Leonardo da Vinci potrebbe avere avuto una comprensione della gravità che era “secoli avanti rispetto ai suoi tempi“, secondo quanto rivelano i suoi quaderni.
Gli schizzi di da Vinci, dimenticati per decenni, mostrano triangoli formati da particelle simili a sabbia che si riversano da un barattolo. Questi granelli che cadono rappresentavano esperimenti per dimostrare che la gravità era una forma di accelerazione, più di 400 anni prima di Einstein: lo sostiene un nuovo studio.
Albert Einstein ha formulato per primo la teoria secondo cui la gravità e l’accelerazione sono la stessa cosa, chiamata principio di equivalenza, nel 1907. Per fare ciò, Einstein è partito da Isaac Newton, dalla Legge di gravitazione universale (che afferma che ogni oggetto nell’universo attrae l’altro con una forza legata alle masse e inversamente proporzionale al quadrato della distanza che li separa) e dall’enunciazione della legge della caduta libera di Galileo Galilei del 1604 (senza la resistenza dell’aria, tutte le masse cadono con la stessa accelerazione).
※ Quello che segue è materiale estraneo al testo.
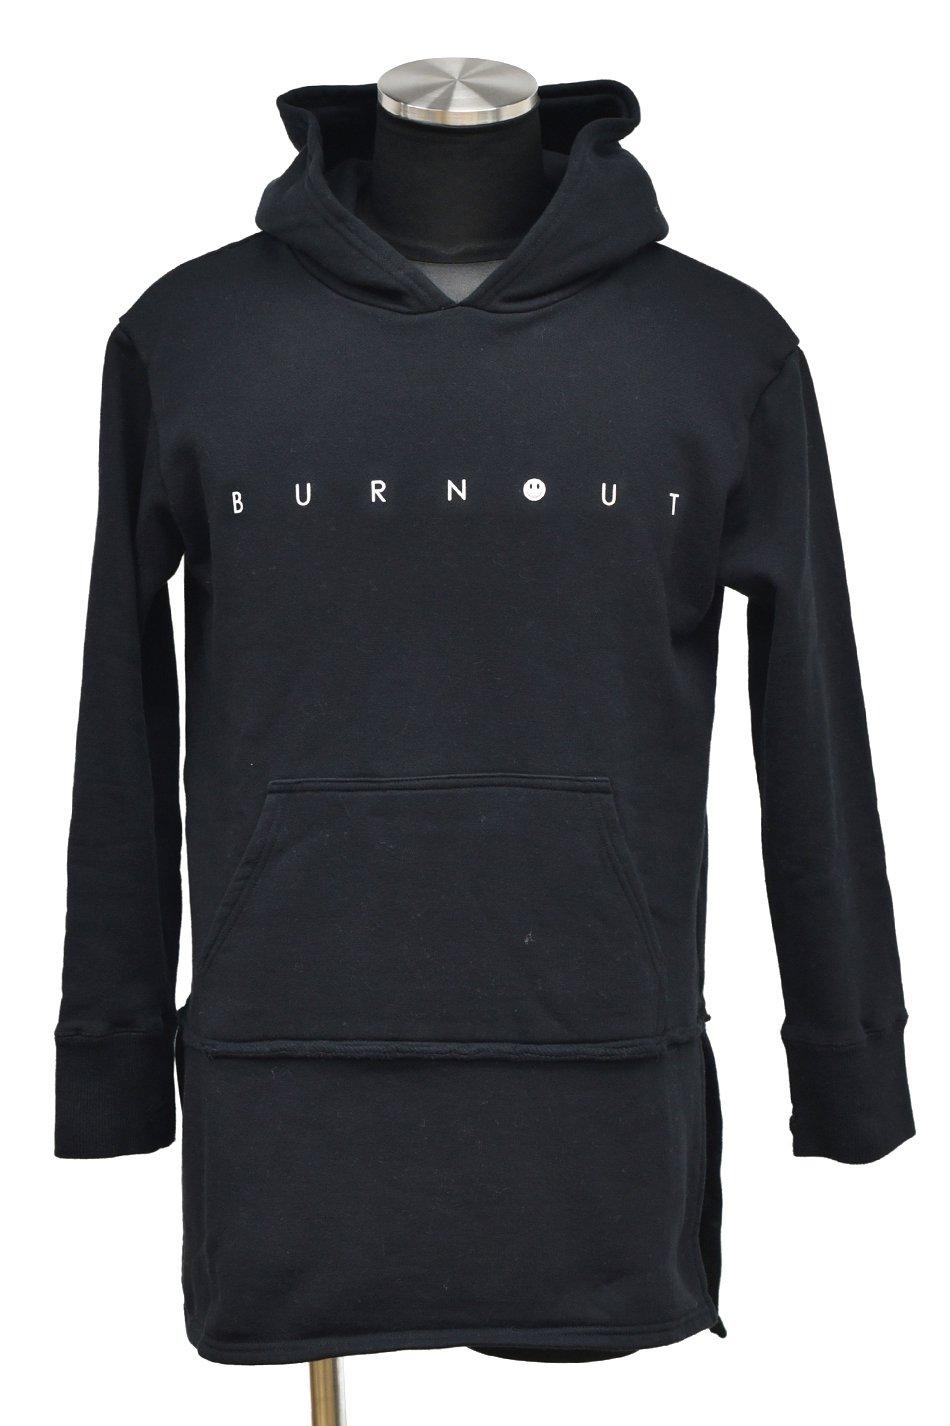 BURNOUT(バーンアウト )【BURNOUT】カットバック フーディー / ブラック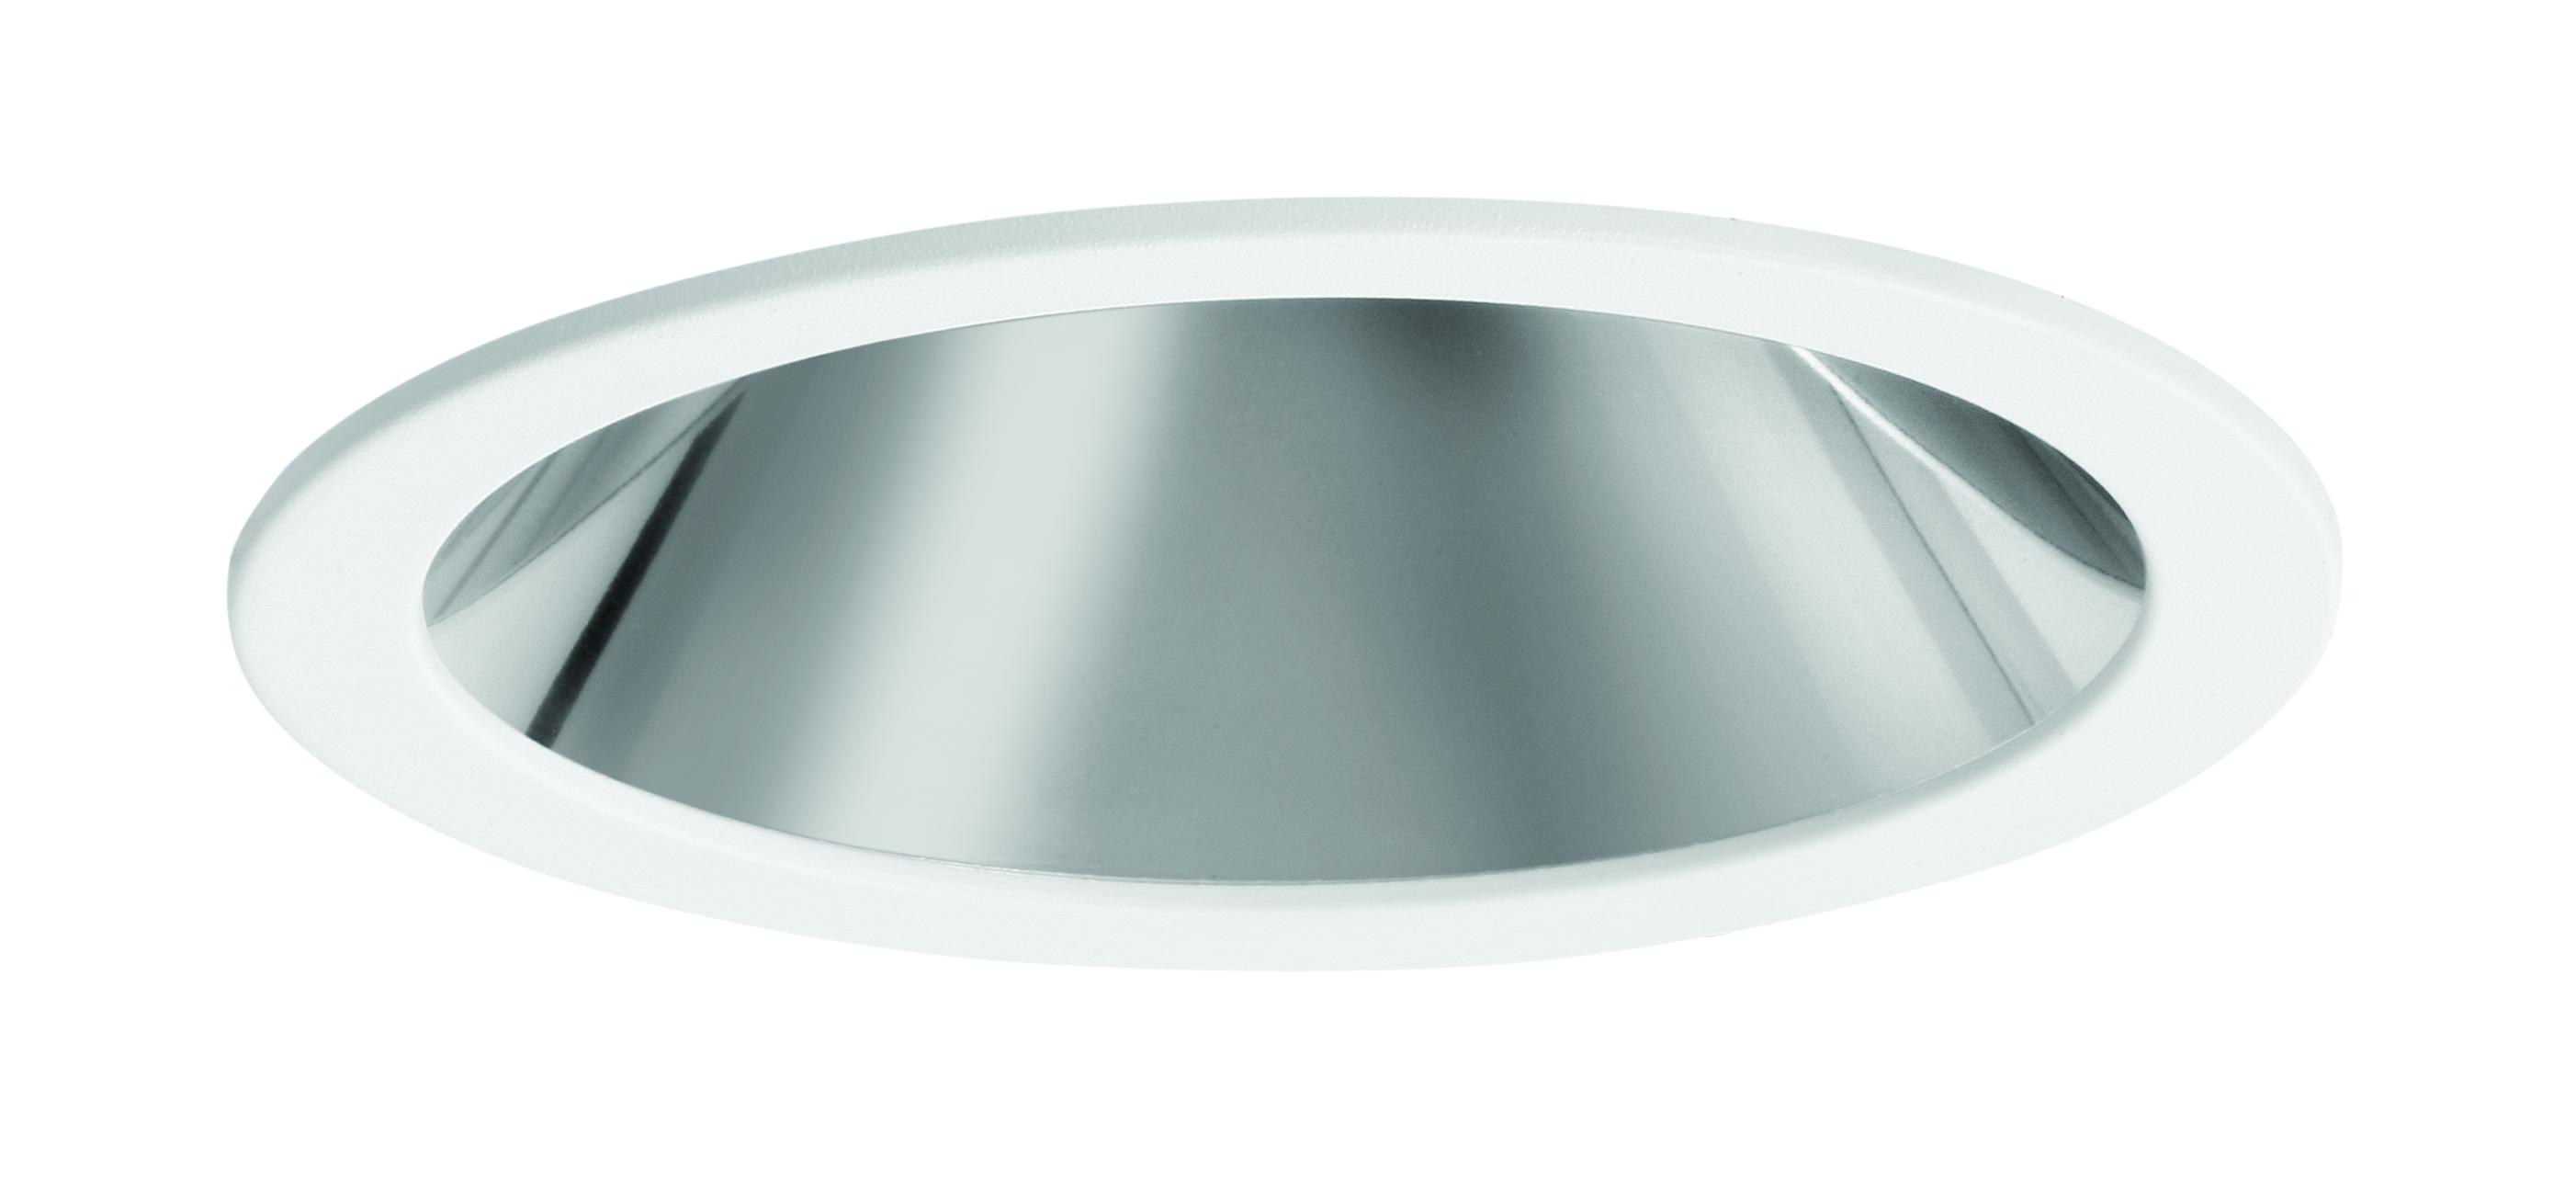 1 Stk Kain LED Downlight 32W 3000K 2350lm, 62°, DIM 1-10V, RAL9003 LI99000528

“Non sappiamo se da Vinci abbia fatto ulteriori esperimenti o abbia approfondito questa questione“, ha spiegato l’autore principale Mory Gharib, docente di aeronautica e ingegneria medica al Caltech. “Il fatto che stesse affrontando questo problema in questo modo – all’inizio del 1500 – dimostra quanto fosse avanti il suo pensiero“.
Gli appunti di Leonardo
Da Vinci fu pittore, architetto, inventore, anatomista, ingegnere e scienziato. Principalmente autodidatta, ha riempito dozzine di taccuini segreti con fantasiose invenzioni e osservazioni anatomiche. Insieme a disegni dettagliati dell’anatomia umana, i suoi appunti contengono disegni con biciclette, elicotteri, carri armati e aeroplani. Delle oltre 13mila pagine di questi schizzi, successivamente raccolte in codici, ne è sopravvissuto meno di un terzo.
La scoperta nel Codex Arundel
Gharib stava studiando le copie digitalizzate di questi appunti per discutere gli studi di da Vinci sulla dinamica dei flussi con i suoi studenti quando ha notato dei disegni nelle pagine del Codex Arundel, un taccuino datato tra il 1480 e il 1518. L’esperto ha visto triangoli formati da particelle che fuoriuscivano da contenitori in movimento, accompagnate da un’intrigante frase scritta con la calligrafia speculare di da Vinci.
“Ciò che ha attirato la mia attenzione è stata la scritta ‘Equatione di Moti’ (tradotto dai ricercatori come “equivalenza di moti”) sull’ipotenusa di uno dei suoi triangoli abbozzati, un triangolo rettangolo isoscele,” ha spiegato Gharib. “Mi sono impegnato per scoprire cosa intendeva Leonardo con quella frase“.
Ipotesi e l’equazione di Leonardo
Gharib e i suoi colleghi hanno scoperto che da Vinci stava descrivendo acqua o sabbia caduta da una brocca mentre veniva spostata lungo un percorso rettilineo parallelo al suolo. Gli appunti di Da Vinci chiariscono che sapeva che le particelle avrebbero accelerato verso il basso e che una volta che avevano lasciato la brocca, questa accelerazione era causata solo dalla gravità.
Se la brocca si muovesse a velocità costante, la linea tracciata dalle particelle in caduta sarebbe verticale, ipotizzava da Vinci, ma se accelerasse a velocità costante, allora le particelle formerebbero una linea retta e obliqua che forma il lato dell’ipotenusa di un triangolo.
Infatti, ha osservato da Vinci, se la brocca accelera per rilasciare le gocce alla stessa velocità con cui la gravità le accelera verso il suolo, viene tracciato un triangolo equilatero, primo accenno del principio di equivalenza.
Da Vinci ha cercato di formulare le sue osservazioni in un’equazione, ma ha abbandonato il tentativo. Eseguendo una simulazione del suo esperimento, i ricercatori hanno scoperto dove era finito fuori strada.
“Quello che abbiamo visto è che Leonardo ha avuto difficoltà, ma ha formulato che la distanza dell’oggetto che cade (dal punto di caduta dell’oggetto) era proporzionale a 2 alla potenza t (con t che rappresenta il tempo) invece che proporzionale a t al quadrato,” ha affermato co-autore Chris Roh, professore di ingegneria biologica e ambientale presso la Cornell University. “Era sbagliato, ma in seguito abbiamo scoperto che ha usato questo tipo di equazione sbagliata nel modo corretto“.
I risultati sono stati pubblicati sulla rivista “Leonardo“.